Roy's plan is designed to be "maximally plausible," both in its policy reforms and its politics. The basic idea is to keep Obamacare's exchanges, as well as some of its popular insurance reforms, but deregulate those exchanges to allow for greater insurance plan flexibility, end the individual mandate, and—in the plan's boldest move—slowly transition Medicare and Medicaid into the exchanges as well.

In some sense it is a trade: accepting Obamacare, in its broad strokes, but using it as a vehicle to reform the nation's two big health entitlements, which, Roy notes, are responsible for the biggest portion of the nation's long-term fiscal problems.

Roy argues that the plan would mean better coverage for poor Medicaid beneficiaries, who would have access to privately subsidized coverage, as well as more options for seniors, who would no longer be forced to shift to Medicare at 65 or risk losing Social Security benefits. 


In the long term, the transition would produce enormous budgetary savings—an estimated $8 trillion in deficit reduction over 30 years—by transforming Medicare, which now covers seniors regardless of their income, into a means-tested system for the middle class.

With fewer rules governing their products and no mandate forcing people to buy, insurers would have more incentive and more opportunity to compete and innovate. And the nation's overall coverage levels would actually increase by 12.1 million relative to Obamacare, according to estimates produced by University of Minnesota health economist Stephen T. Parente.

The political argument, meanwhile, could give Republicans the advantage. Yes, Democrats might object to shifting seniors onto the exchanges. But that would mean criticizing an updated version of Obamacare, and explaining why exchange-based coverage was great for 64 year-olds but not for 65 or 68 year-olds. Republicans could say that "this is the program that you all"—Democrats—"installed," Roy says. Part of the idea is that it "puts Democrats on the defensive." 
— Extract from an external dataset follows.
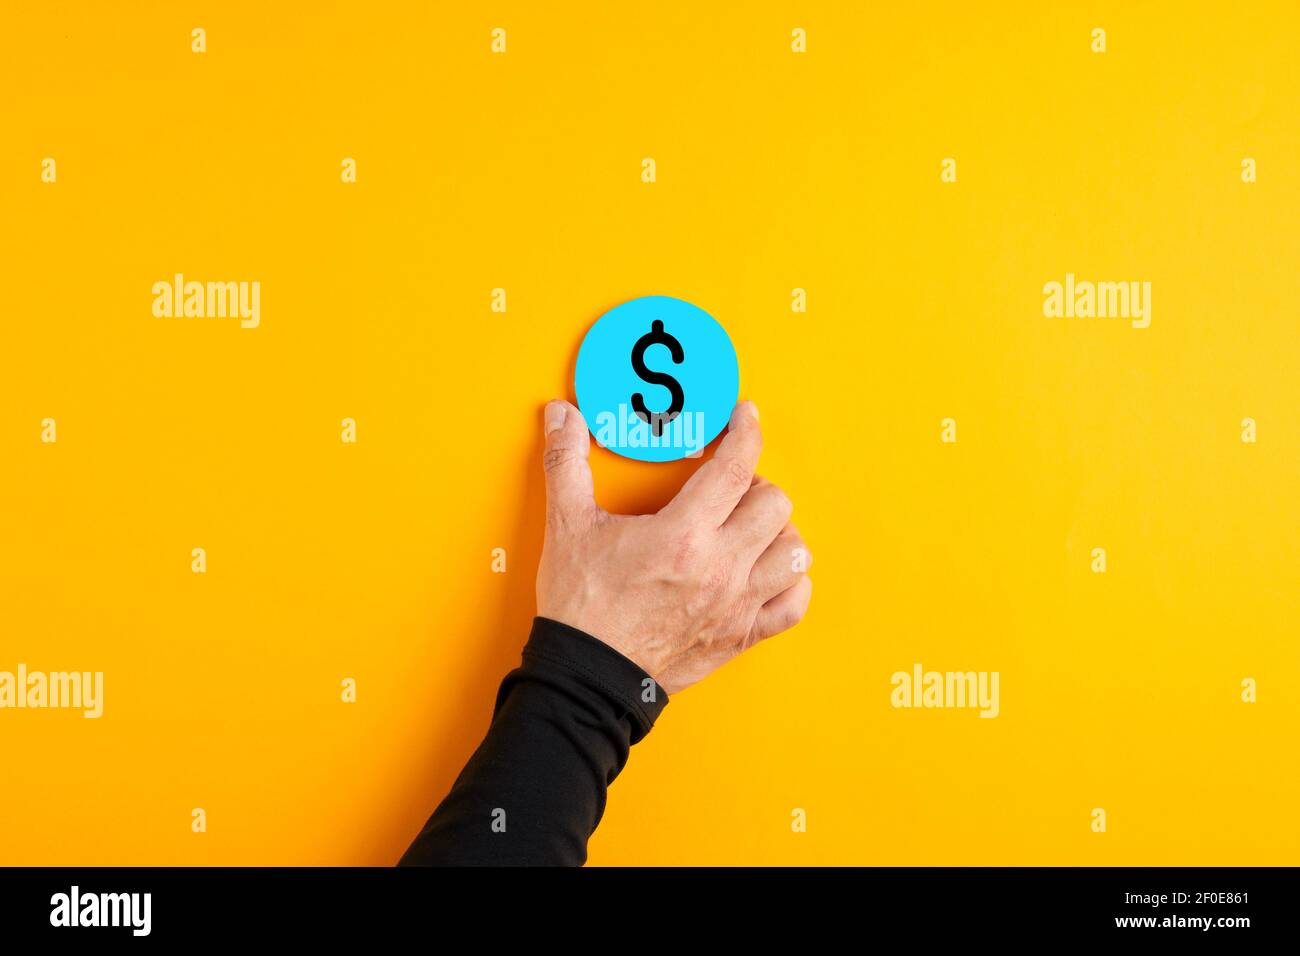 Male hand placing a blue badge with a US dollar currency sign on yellow background. Stock Photo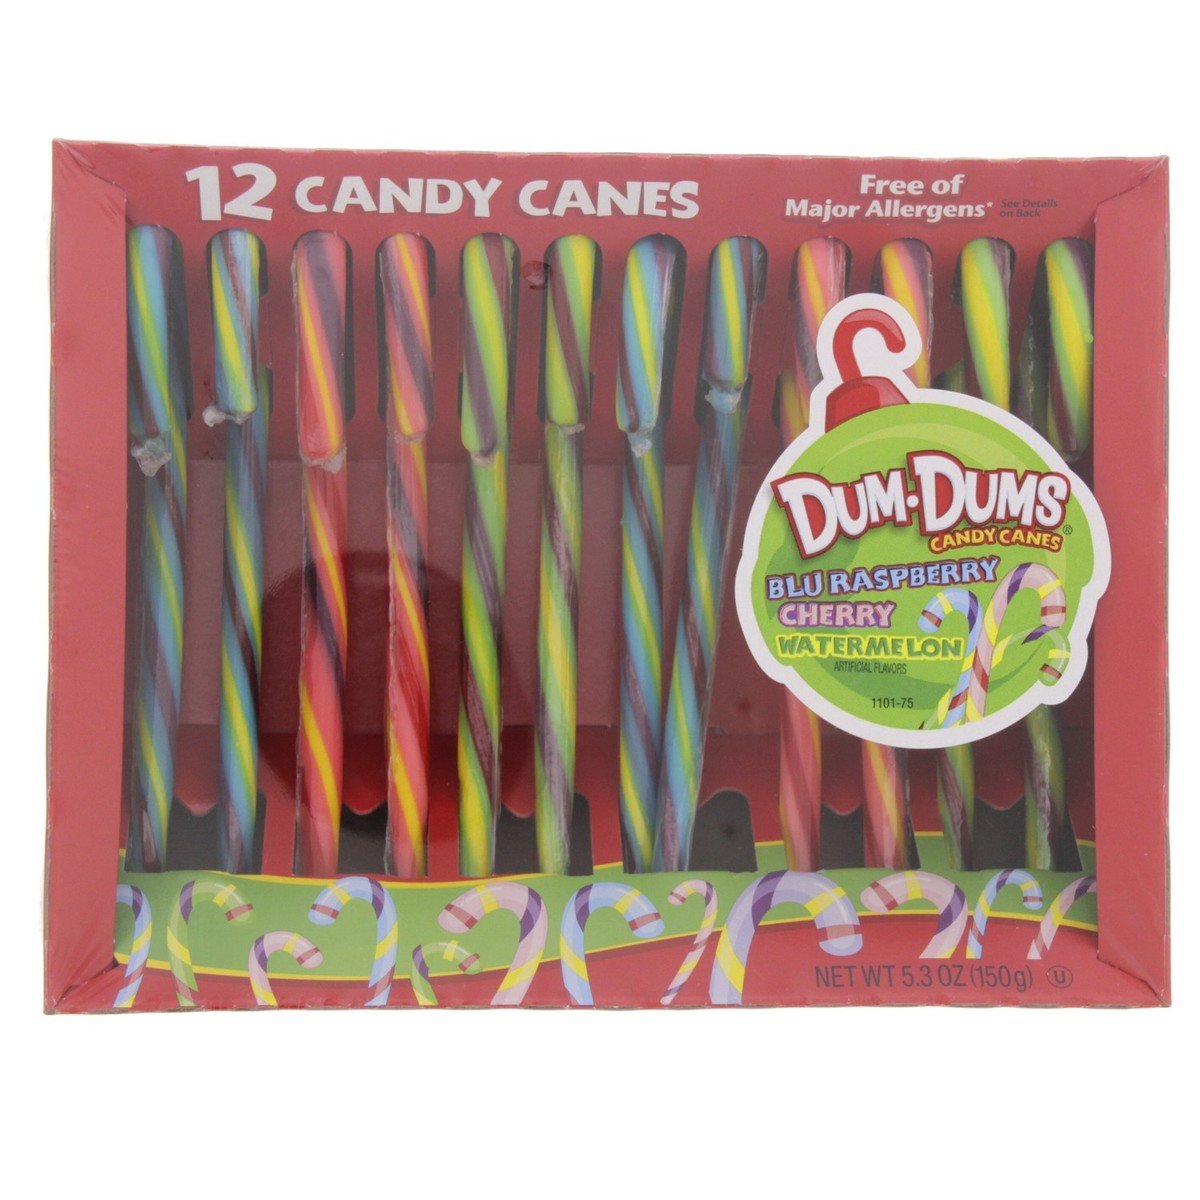 Spangler Candy Canes Raspberry, Cherry and Watermelon, 150 g

The plan is not without its own potential challenges. Inevitably, there would be fights over exactly how strictly to regulate the exchanges. And even though today's seniors could keep their existing coverage, it might be described as gutting the program, which is quite popular. Roy responds that the same charge was leveled at Mitt Romney and Paul Ryan during the 2012 presidential election, and yet seniors were the one group that voted decisively in favor of the GOP ticket. Some higher-income seniors would see their premiums rise, but Roy says these hikes could be mitigated by a transitional fund. 

More generally, it would require Republicans to level with voters about the likelihood of repeal, and take an affirmative reform position on health care, an issue the party has long been content to ignore. "Who benefits from the status quo? Employed and retired people," Roy says, noting that these are the same people who tend to vote Republican. Thanks to Medicare and the tax break for employer insurance, two massive budget items that subsidize health coverage, "it's actually Republican voters who are on the dole," he says. 

One possible advantage for GOP legislators is that it would help smooth out some of the contradictions from politicians like McConnell. Under Roy's plan, Kentucky could keep its exchange, and residents could keep their coverage. And while the health law would not be repealed root and branch, it would be significantly reformed, which is something that even many Democrats say they want. Like many Democratic candidates this year, McConnell's opponent, Alison Grimes, has promised to fix the law but provided almost no specifics of how she would do so. Keeping the law in place but working to improve it polls well, and Roy's plan could plausibly provide specific fixes. 

Essentially, Roy's plan would take Ted Cruz at his word when the Senator argued last year that unwinding a major entitlement after its benefits kicked in was practically impossible. But rather than continue to call for Obamacare's end, as Cruz has done, Roy would attempt to craft a new beginning, one that, yes, leaves some of Obamacare's words in place, but that on the whole, he says, "expands people's choices rather than takes them away." No, it wouldn't be repeal, but with its overhaul of Medicaid and Medicare, it might be something better: the system-wide, root-and-branch reform we've needed since long before Obamacare became law.